[DATA RECORDS Boundary: Start]

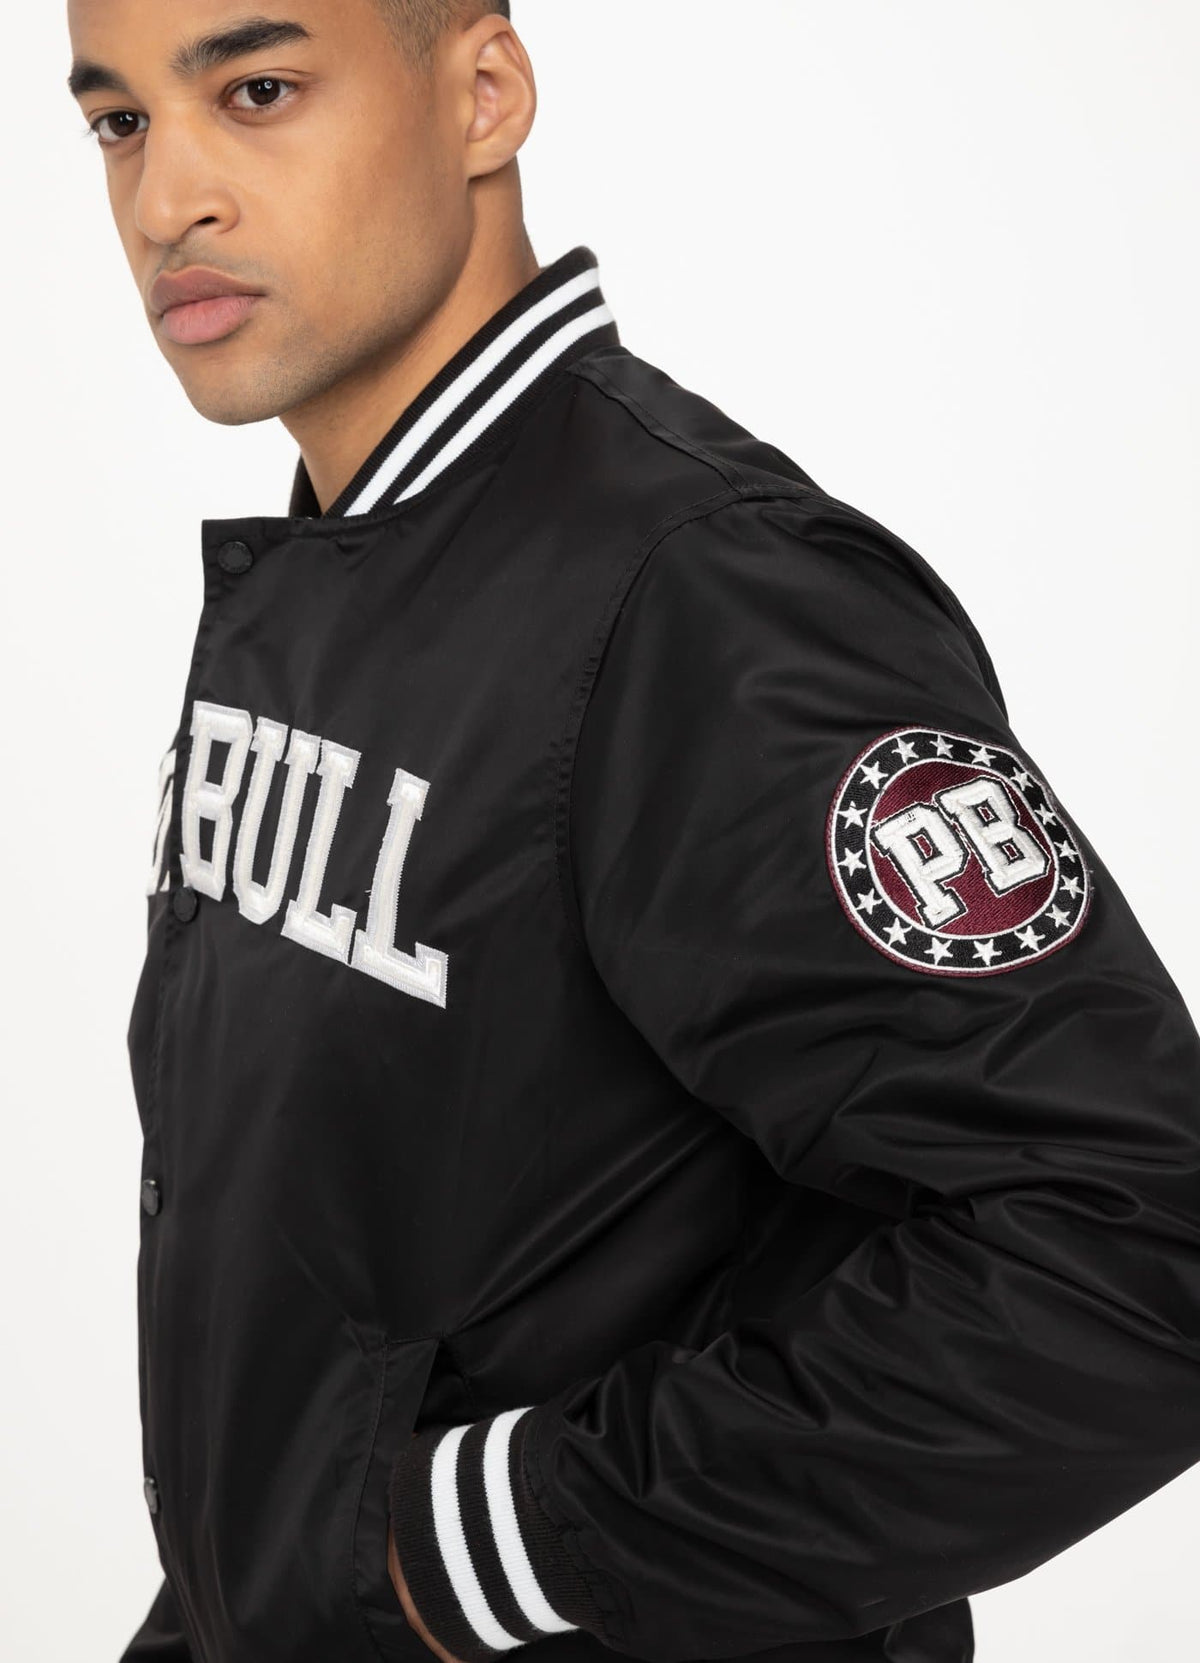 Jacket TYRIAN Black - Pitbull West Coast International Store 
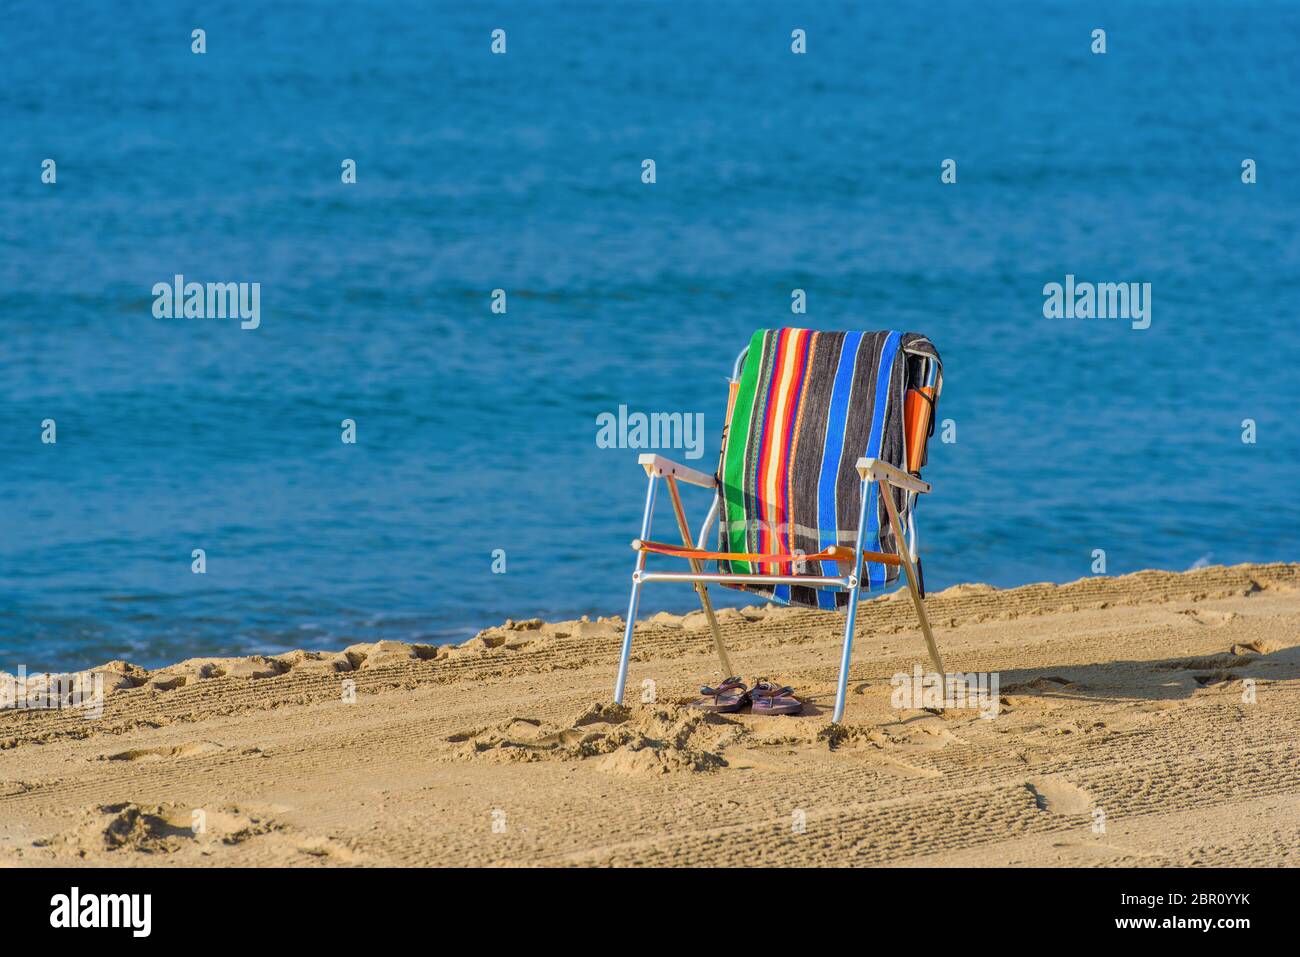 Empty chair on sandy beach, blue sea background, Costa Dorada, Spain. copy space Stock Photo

[DATA RECORDS Boundary: End]
[DATA RECORDS Boundary: Start]

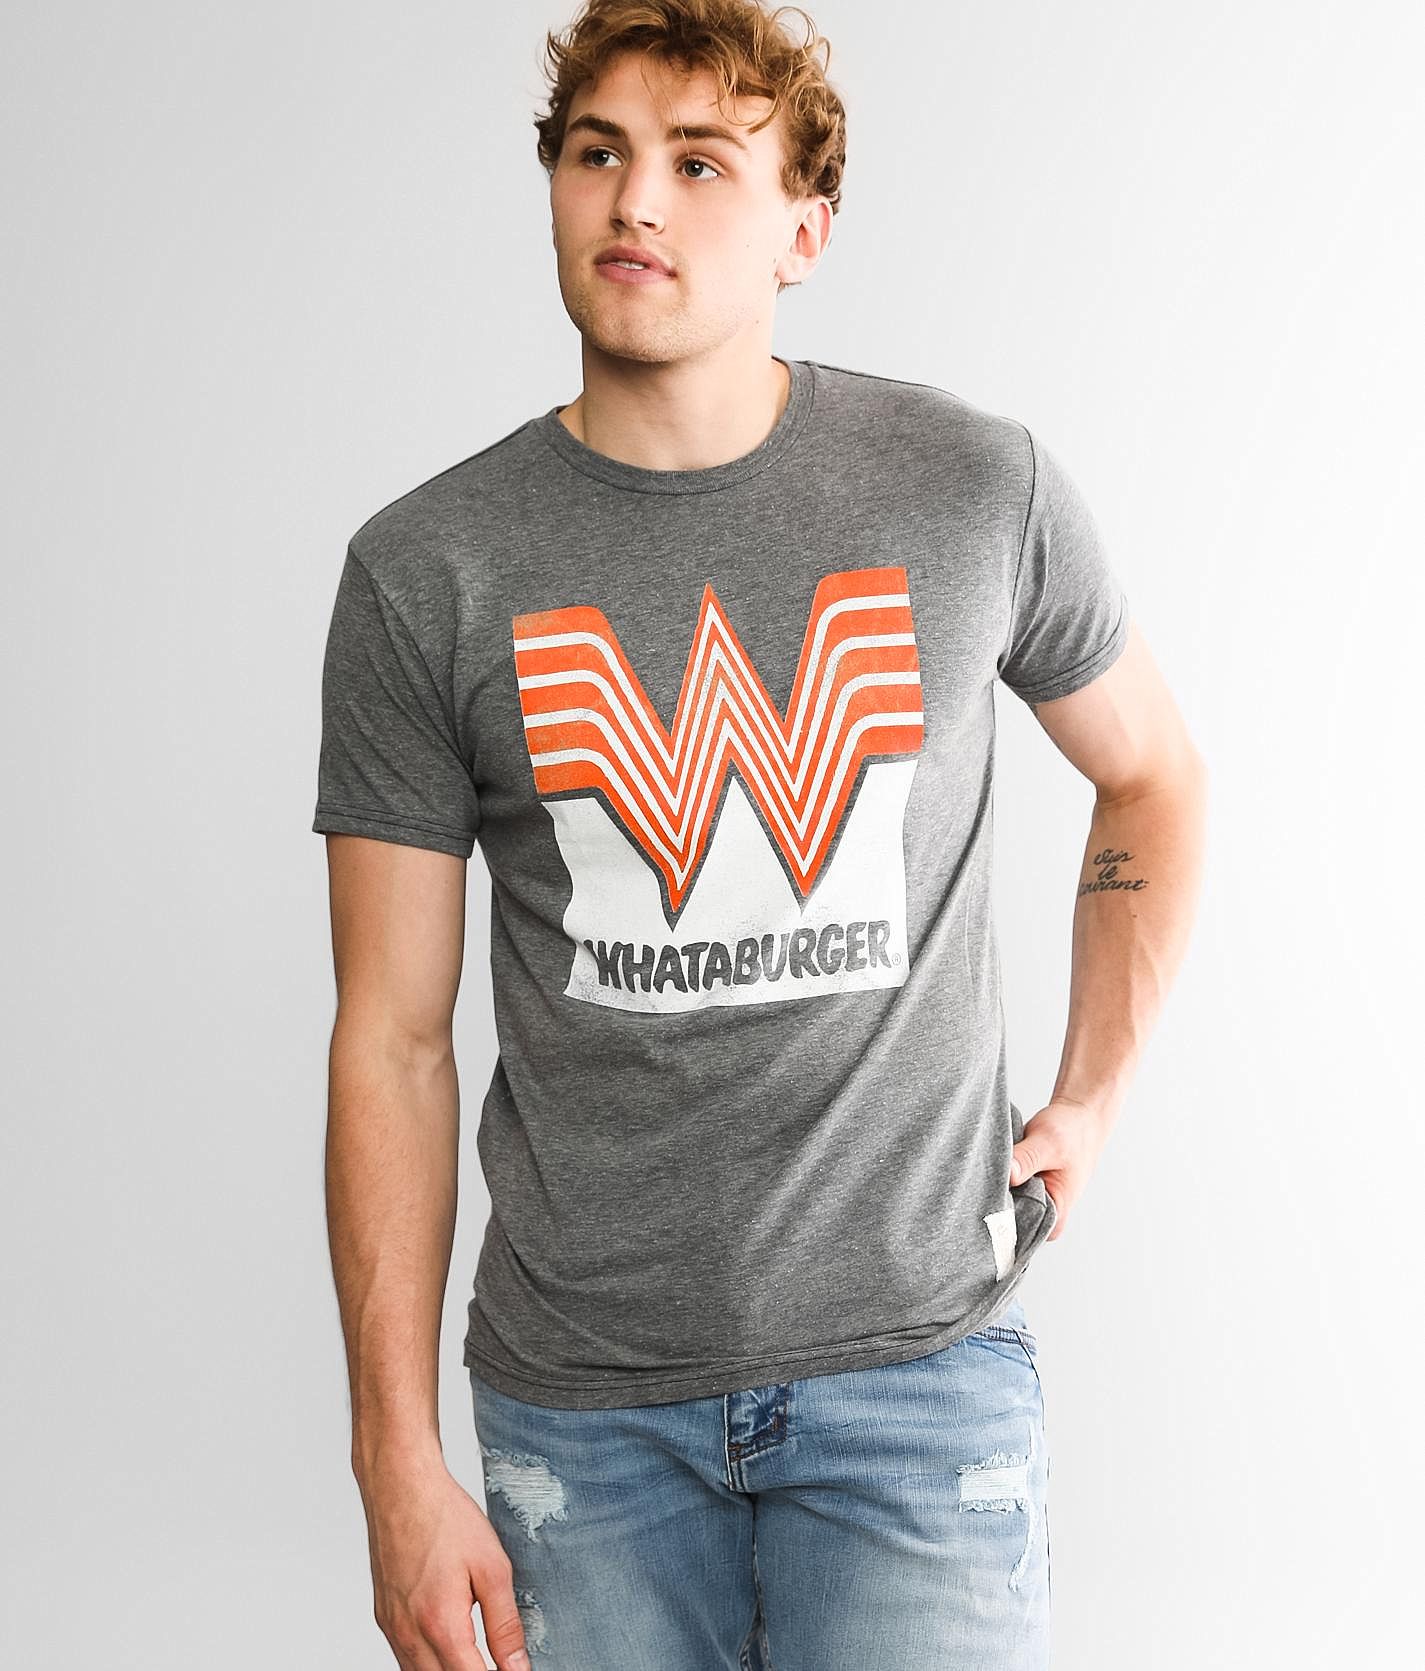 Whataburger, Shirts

[DATA RECORDS Boundary: End]
[DATA RECORDS Boundary: Start]

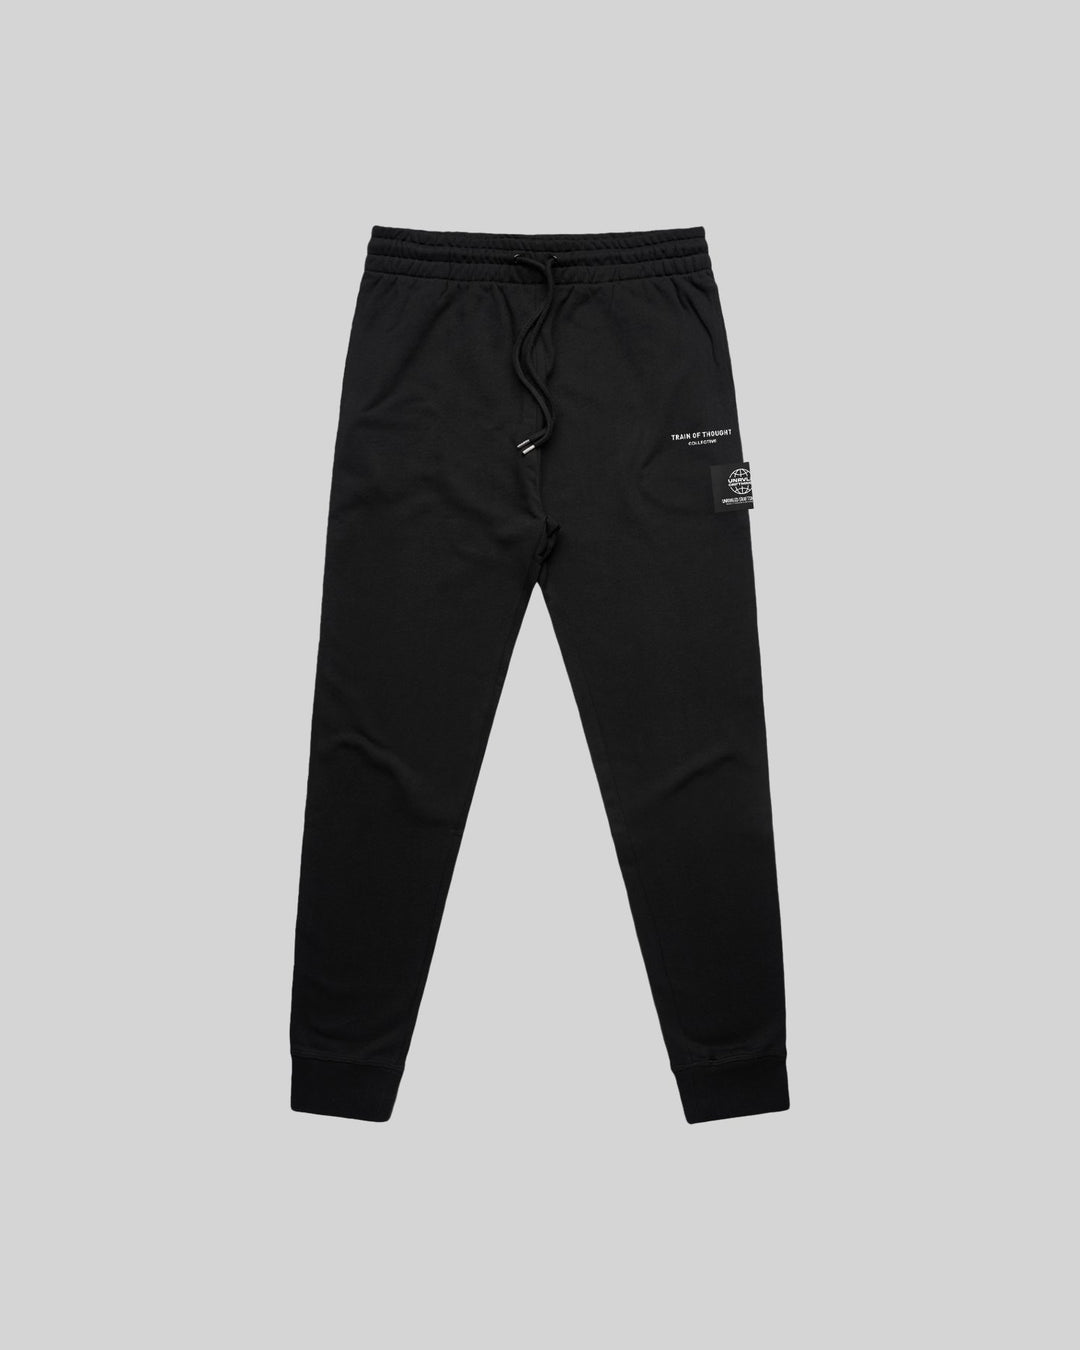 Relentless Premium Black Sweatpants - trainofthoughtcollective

[DATA RECORDS Boundary: End]

#### [WHAT IS REQUIRED]
What should come back is an exact copy of the lines above from the line with "Jacket TYRIAN Black" to the line with "Empty chair on", both included, minus the pictures.

#### [ANSWER TO THIS PROBLEM]
 Jacket TYRIAN Black - Pitbull West Coast International Store 
 Empty chair on sandy beach, blue sea background, Costa Dorada, Spain. copy space Stock Photo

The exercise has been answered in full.